Ada beberapa bebukitan di sejumlah penjuru di kawasan Timur Bali berjarak sekitar 83 km dari Kota Denpasar ini. Pohonnya terlihat rapat. Juga ada kawasan hijau persawahan di sekitarnya. Berada di kaki gunung Agung dan perbukitan Lempuyang yang disucikan karena lokasi sejumlah pura besar di Bali membuat cekungan air tanah terus terjaga.

Ada kisah heroik dari warga Padangkerta, desa tetangga Ababi, lokasi Tirtagangga pada akhir 2012 dalam upaya penyelamatan sumber air sangat berharga ini. Desa adat Peladungan menghasilkan putusan aklamasi dari warganya untuk menolak eksplorasi air dari sebuah perusahaan air kemasan populer di Indonesia.

Warga menyadari jika disedot akan berdampak pada kebutuhan air bersih dan pertanian di sekitarnya. Sementara Pemerintah Kabupaten Karangasem sudah memberikan izin eksplorasi.

 

 

Tirtagangga sebagai sebuah destinasi wisata memberi pendidikan ekologi penting untuk pengunjung jika ada diseminasi informasi terkait dampak dipeliharanya hutan, sawah, dan gunung sekitarnya ini.
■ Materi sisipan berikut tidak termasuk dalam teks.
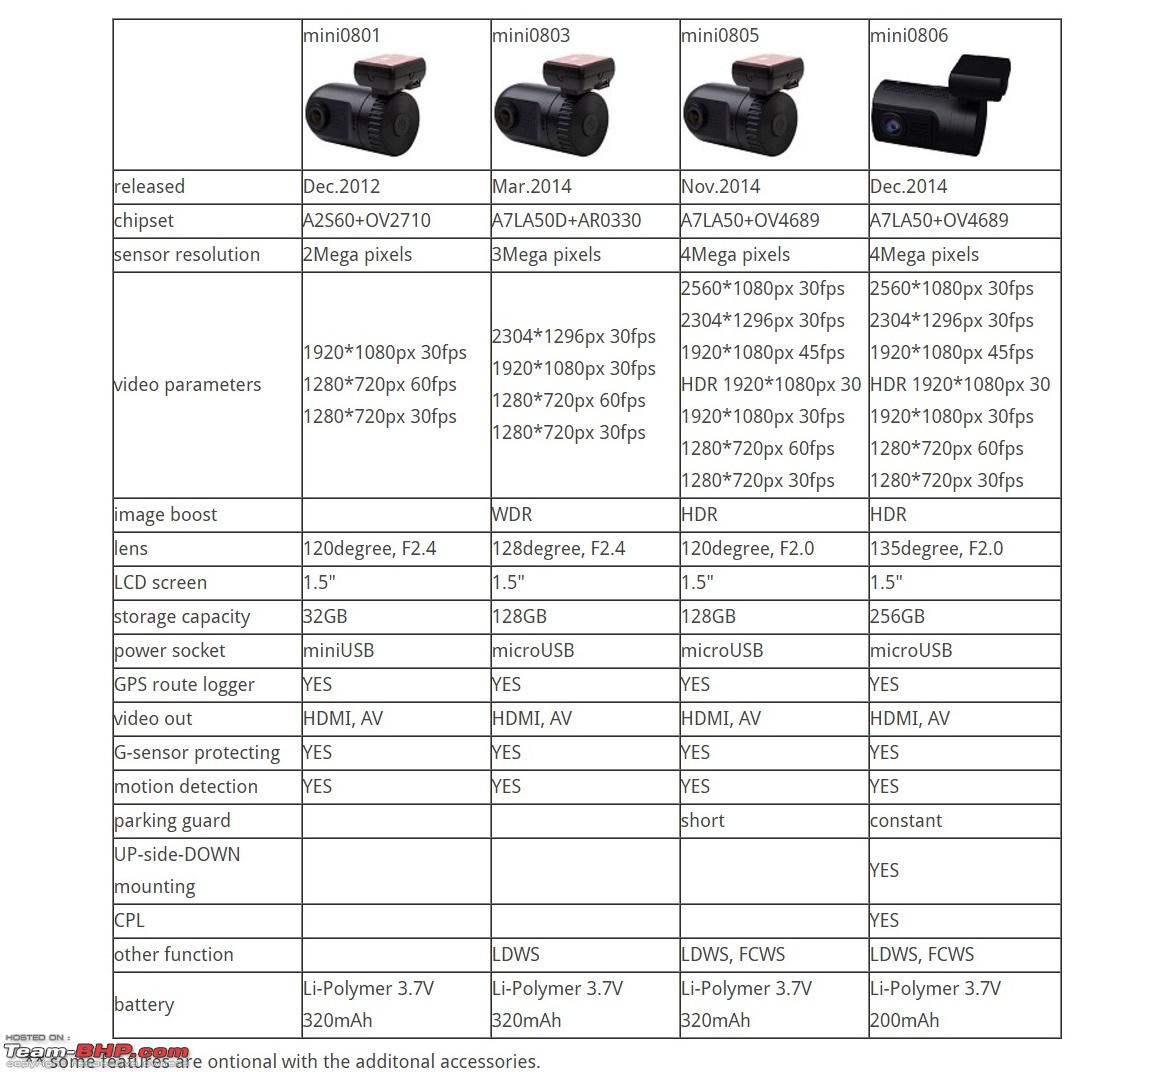 Harmoni vejkryds Faldgruber DIY Install & Review - The Mini 0806 Dash Camera - Team-BHP

Namun sayang hal ini tak banyak diberi perhatian.

Catchment area di sana bagus, sumber air juga dari Bukit Lempuyang masih bagus. Warga tak berani dan tak boleh merambah karena kawasan suci,” ujar Luh Kartini, dosen pertanian Universitas Udayana dan peneliti tanah ini tentang lokasi Tirtanggangga. Selain bebukitan yang menyimpan air dalam tanah, juga dikombinasikan dengan sawah.

Menurutnya kualitas air di Tirtagangga dilihat dari mata sudah bagus, bening sekali. “Bayangannya kelihatan, kalau terlihat aman,” tambahnya.

Hasil terpeliharanya ekosistem perbukitan adalah sebuah potongan nirwana yang melegakan dahaga. Obyek wisata ini kerap ramai. Suasana sejuk, rindang, dan menyegarkan adalah obat.

Begitu menyerahkan tiket masuk pada petugas, kita sudah bisa menyaksikan hamparan lanskap kolam, patung, dan taman. Gemericik air dari menara tumpang (tingkat ) 9 segera melepas penat.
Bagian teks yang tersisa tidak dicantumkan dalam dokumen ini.